RépondreSupprimerNous ne le répéterons jamais assez. Comprendre le droit est nécessaire mais pas toujours suffisant. Il est essentiel de le replacer dans son environnement politique. Selon nous , doit exister une certaine adéquation de la norme aux défis que notre Société doit relever, au titre desquels figure la lutte contre le terrorisme. Si tel n'est pas le cas, le droit ne joue plus son rôle d'amortisseur des désordres. Les citoyens le jugent comme un carcan dangereux. On sait ensuite vers quel parti nos citoyens se tournent lors des élections.
- Il est cocasse de voir que les membres de LFI, qui sont par nature irréprochables, soient contraints de vouloir changer la loi pour échapper aux poursuites dont ils sont l'objet pour violation de la loi. Que n'aurions-nous entendu si Marine Le Pen avait demandé de changer la loi pour échapper à une peine immédiatement applicable dans l'affaire des assistants parlementaires du RN ?
- Pour notre part, nous suivons avec intérêt les déclarations concordantes de LFI estimant que les mouvements considérés comme des groupes terroristes par les membres de l'Union européenne (et pas seulement) sont des mouvements de résistance. Des groupes qui ont tué au Bataclan, à Charlie Hebdo et ailleurs de paisibles citoyens français.
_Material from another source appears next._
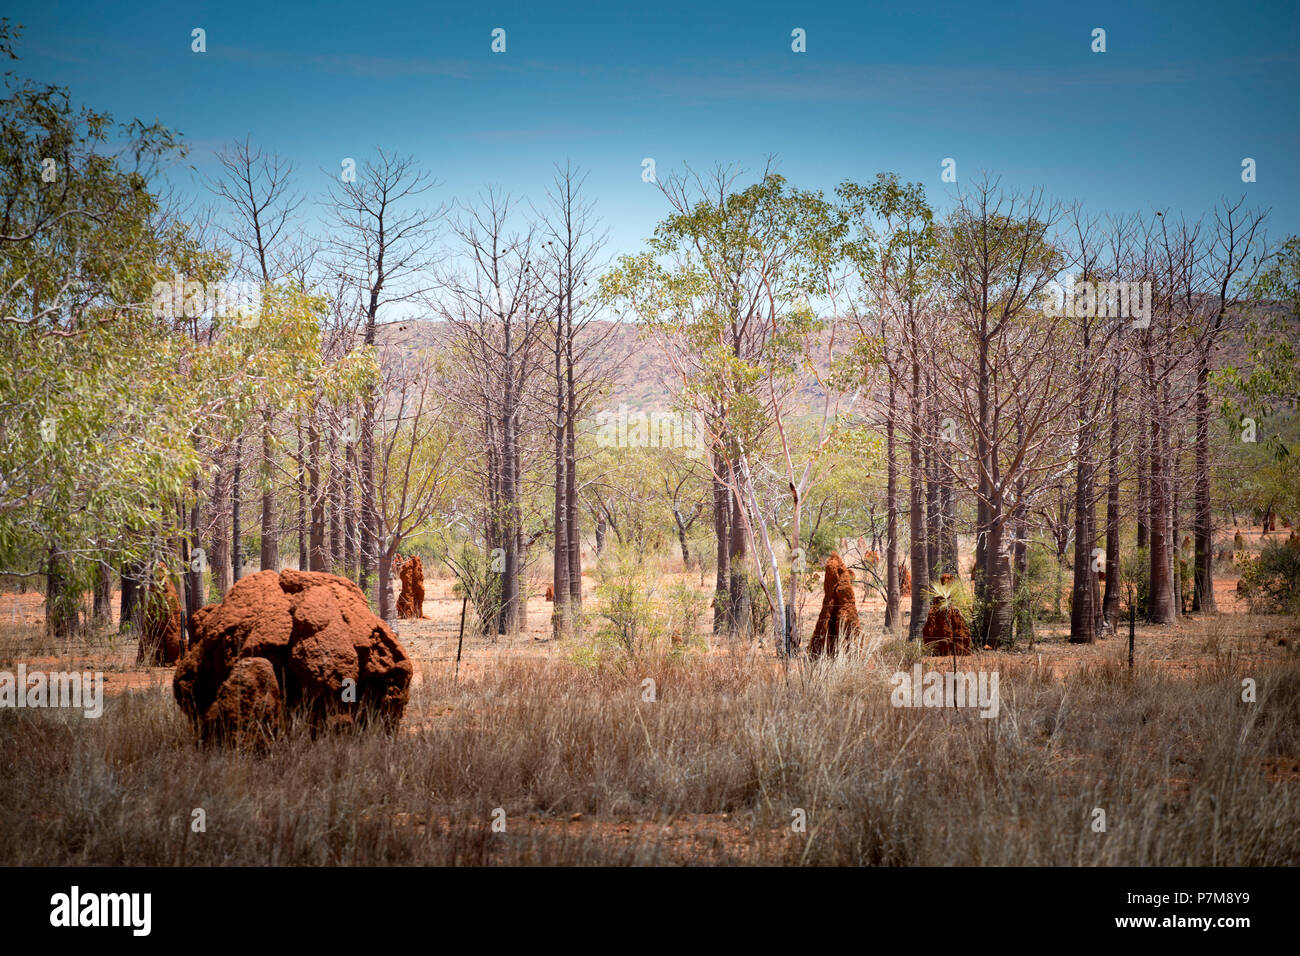 Young Baobab trees at the Kimberley, Western Australia Stock Photo

Qu'en pensent les proches des victimes ?
- Le député à l'origine de cette loi, Ugo Benalicis se pavanait récemment à une réunion du Syndicat de la magistrature à Lille pour faire une déclaration d'amour à ce dernier dont il partageait l'approche générale de classe de la Justice. Quel étrange mélange de genres entre un représentant du pouvoir législatif et des représentants de l'autorité judiciaire dont l'indépendance et l'impartialité sont régulièrement questionnées (Cf. le dossier que lui consacre l'hebdomadaire "d'extrême droite" Valeurs actuelles) !
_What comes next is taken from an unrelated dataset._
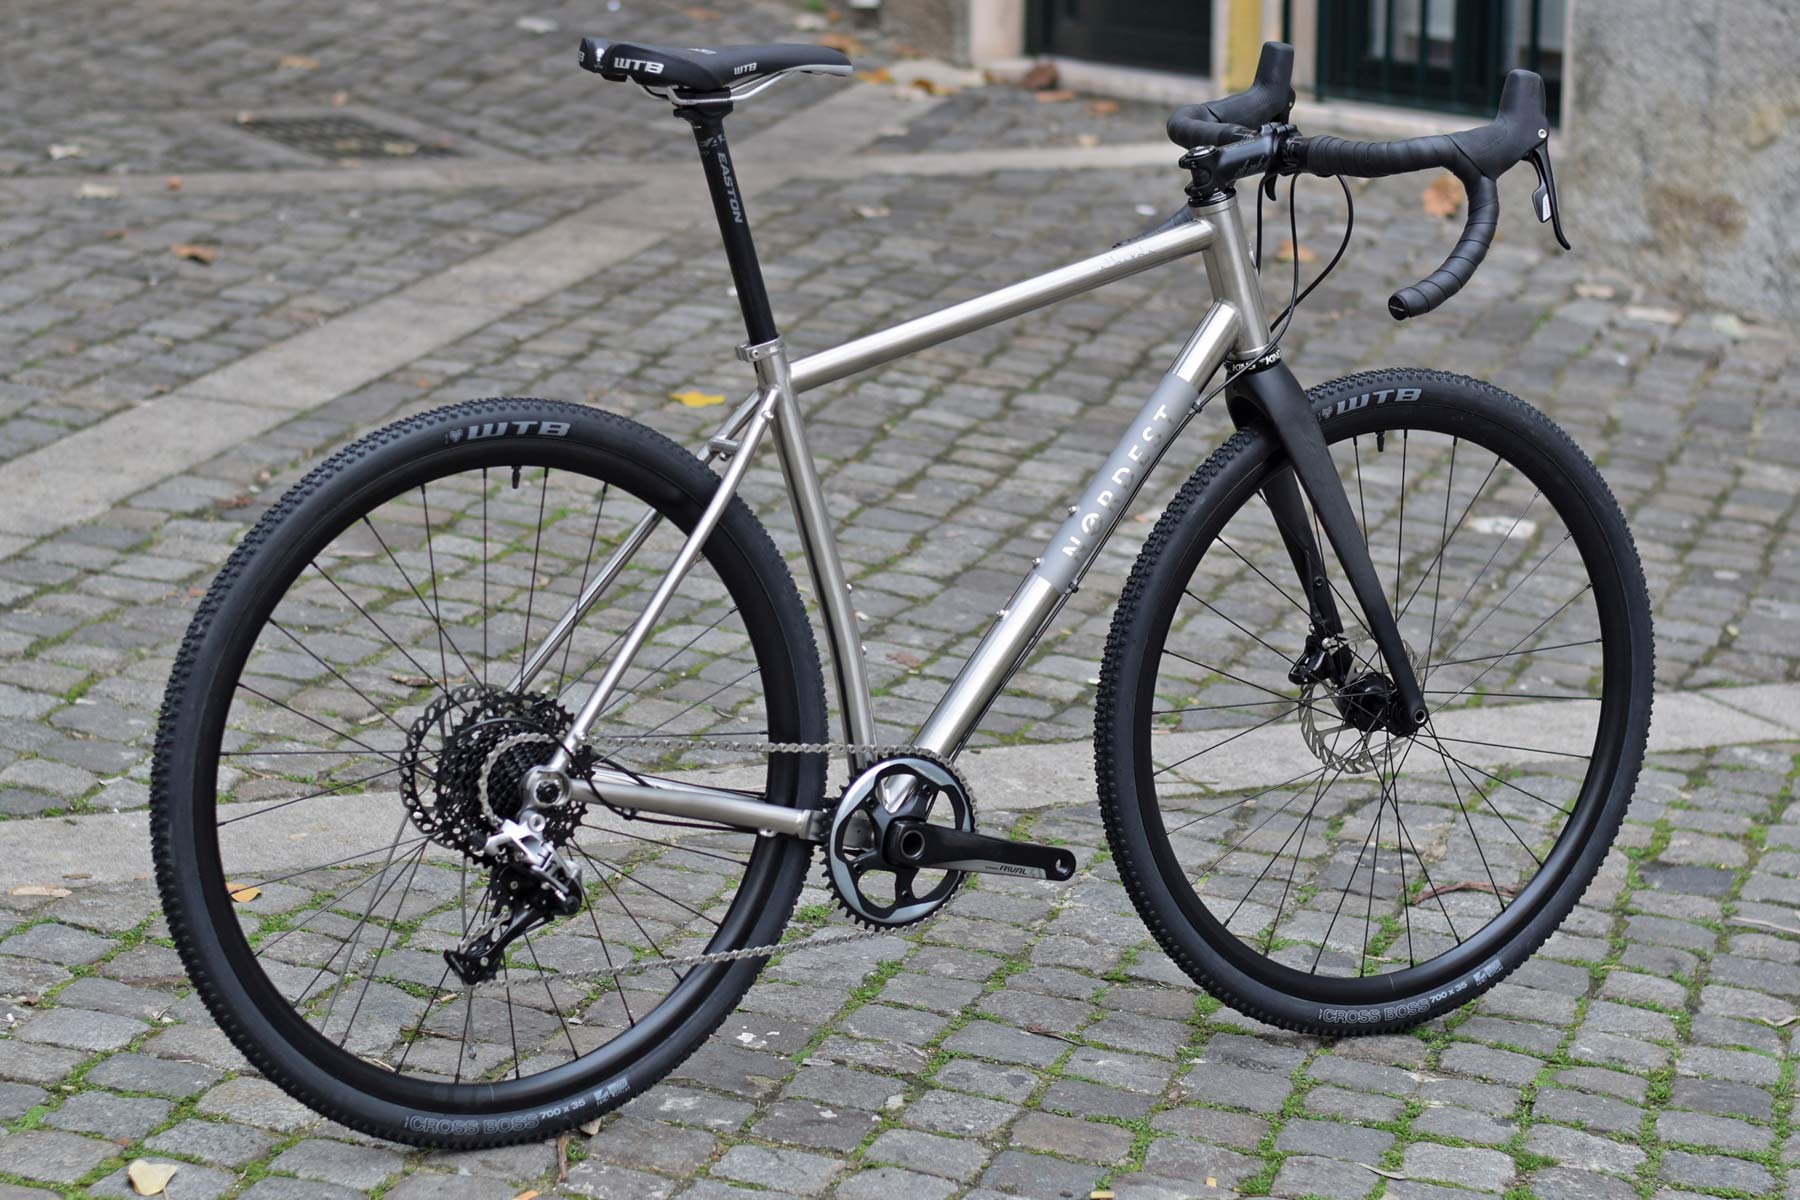 Nordest Albarda Ti affordable titanium all-road adventure gravel bike

- Face à de graves et dangereuses menaces à la sécurité nationale et internationale comme le terrorisme, tout accommodement avec le droit - dans la mesure où il reste circonscrit à son unique objectif - nous parait la moins mauvaise solution. Et cela lorsque l'on met en balance le nombre de victimes d'actes de terrorisme comptabilisés en France dans les dernières décennies et une liberté prise avec le droit. Gouverner, c'est choisir les moins mauvaises solutions, les meilleures n'existant pas.
En un temps où tout ce qui était impossible est devenu réalité, et où nous observons l'horizon du désordre, il serait temps d'apprendre de nos erreurs passées pour éviter de les reproduire sous la pression d'irresponsables dont l'intérêt général de notre pays ne semble pas la préoccupation première.